Türkiye'nin mali disipline devam etmesinin çok önemli olduğunu vurgulayan Babacan, bunun başarının temel direklerinden biri olduğunu kaydetti. Babacan şöyle devam etti:
"Özellikle cari açığı olan bir ülkede çifte açık, hem cari açık, hem bütçe açığı, yönetmesi zor bir tablo oluşturabilir. Dolayısıyla mali disiplinin devamı bundan sonraki dönemde de son derece önemli bir belirleyici olur. Bankacılık sistemiyle ilgili uygulamalar düzenlemeler, finans sisteminin bünyesinin sağlamlığı gerçekten ekonomi açısından son derece önemli. Finans sektörüyle ilgili düzenlemelerin önümüzdeki dönemde önemi hala korunacak. Para politikaları, günün gereğini yapıyor olmak yine önümüzdeki dönemin belirleyicisi olacak. Reel sektörümüzle, sanayimizle ilgili atılan ve atılacak adımlar bu da son derece önemli. Türkiye'de yatırım ortamının iyileşmesi, eğitim, yargı gibi konularda reformlar, işgücü, ürün gibi piyasalarda hazırlanan reformların uygulanması, bunlar yine önümüzdeki günlerin en önemli konuları olacak."

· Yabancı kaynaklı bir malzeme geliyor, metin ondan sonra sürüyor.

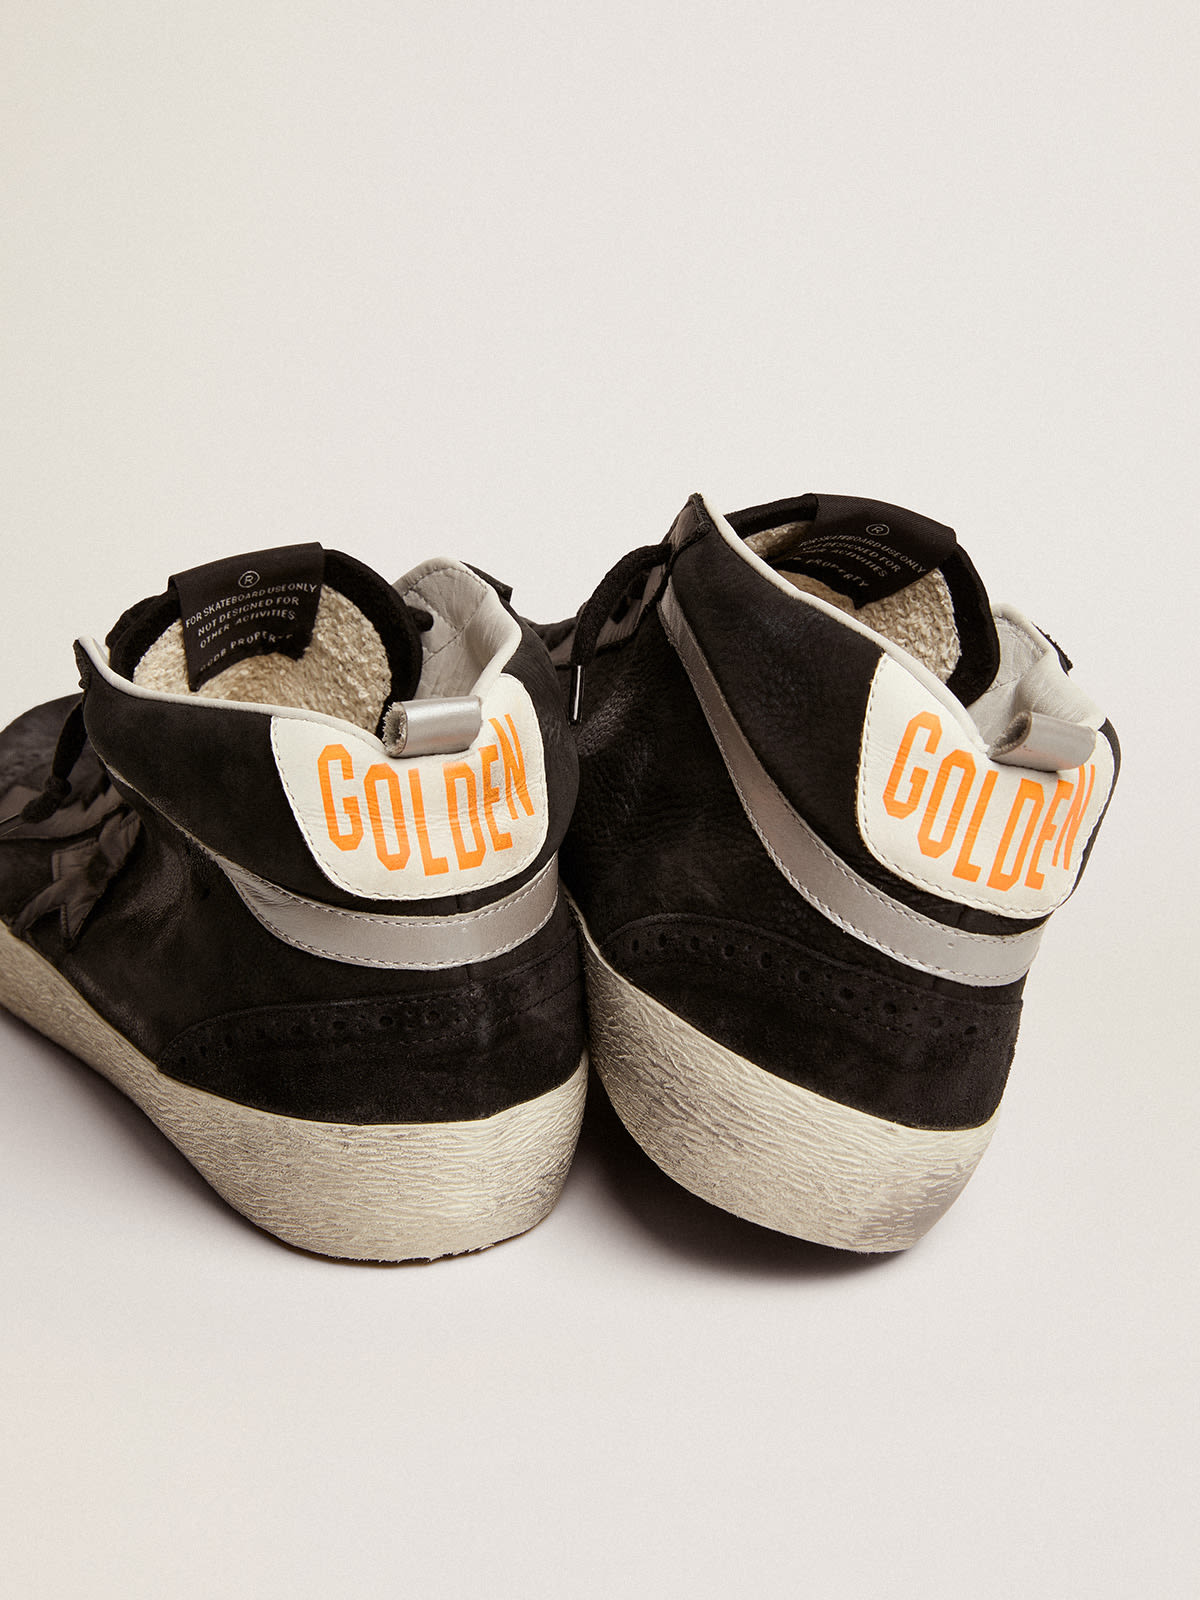 Golden Goose - Men's Mid Star in nubuck with black leather star and silver flash in

Darbe teşebbüsünün ardından dünyanın olup biteni tam algılamadığını, ortada bir yanlış algı ve bilgilendirmenin olduğunu anlatan Babacan, Türkiye'nin doğruları yaparken, gerçekleri ve yaptıklarını da dünyaya iyi bir şekilde anlatması gerektiğinini vurguladı.
"Notun yükselmesi için ayrı bir gayret gerekiyor"
Kredi derecelendirme kuruluşu Moodys'in kararını da değerlendiren Babacan, "Bunun etkilerinin son derece sınırlı olacağına inanıyorum. Böyle bir ihtimal zaten önemli ölçüde fiyatlandırılmıştı." ifadelerini kullandı.
Özellikle 2008-2009 krizinden sonra dünyada kredi derecelendirme kuruluşlarının güvenilirlikleri ve kredibiliteleriyle alakalı farklı bir döneme girildiğine dikkati çeken Babacan, şunları kaydetti:
"Yani 2008-2009 öncesi kadar kredi notu artık yatırımcıların yatırım yapma kararını o kadar çok etkilemiyor. Bazı uluslararası fonlar kendi iç kuralları gereği belli bir kredi notunun altında olan ülkelere yatırım yapamıyor ama bunların hem sayısı son yıllarda azaldı, hem de bunların yatırım etkisi ve dünya finans piyasaları üzerindeki etkisi eskiye göre azaldı. Kuşkusuz kredi notunun tekrar yükselmesi için ve Türkiye'nin hak ettiği notlara ulaşması için de ayrı bir gayret gerekiyor. Önemli olan bizim kendi içimizde doğruları yapmaya devam etmemiz. Türkiye'nin bu ekonomi mücadelesinde de başarılı olacağına benim hiç bir kuşkum yok, yeter ki biz uyanık olalım, dünyayı iyi takip edelim, Türkiye için doğru politikaları cesaretle uygulayalım."